Franklin Francis Ayodele Amankwa, better known simply as Franklin or Frenklin (born 24 August 1987 in Gusau) is a Nigerian football striker playing with Hajer Club in the Saudi Professional League.

Career
He played with a number of Nigerian clubs and Ivorian Africa Sports, before signing, in 2008, with Serbian club FK Loznica.
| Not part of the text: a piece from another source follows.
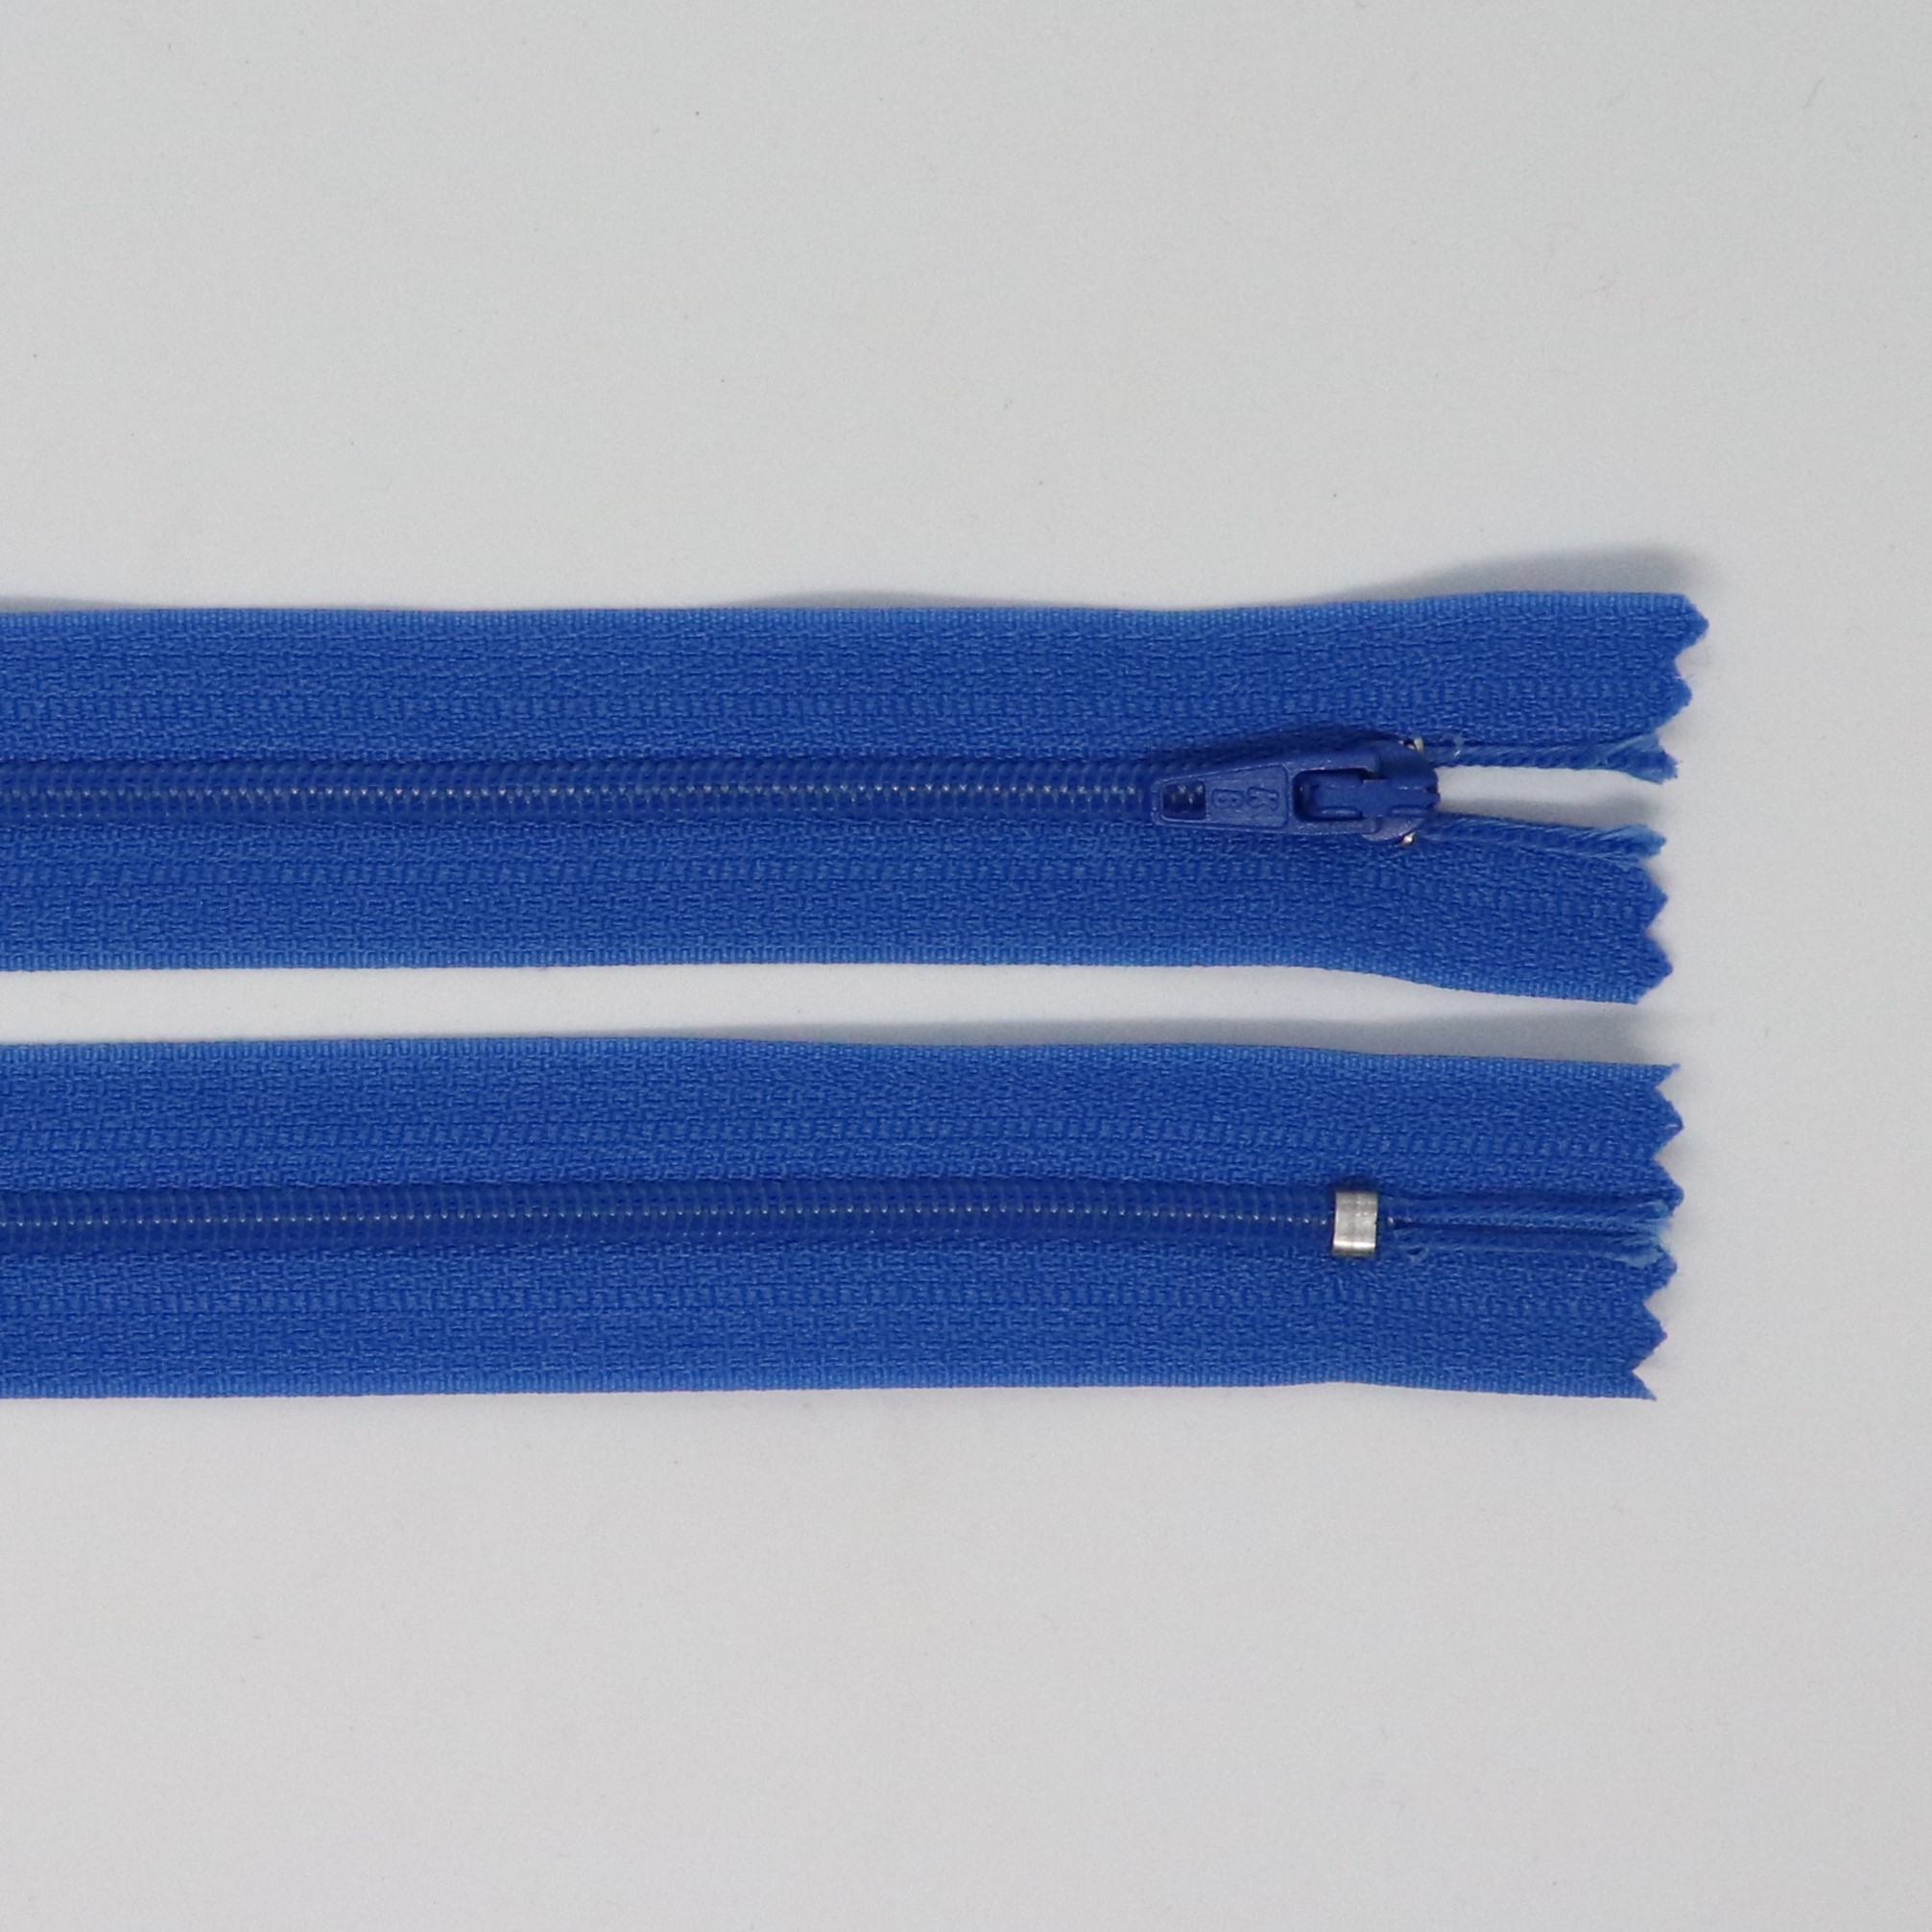 Spirálový zip, šíøe 3 mm, délka 65 cm, modrá - zvìtšit obrázek

After only one season there, he moved to the newly promoted Serbian SuperLiga club FK Mladi Radnik where he has been a standard first team choice, scoring goals mostly with headers. After one Season in Serbian SuperLiga, FK Mladi Radnik was relegated to Serbian First League, Franklin was one of the players released by the club after relegation.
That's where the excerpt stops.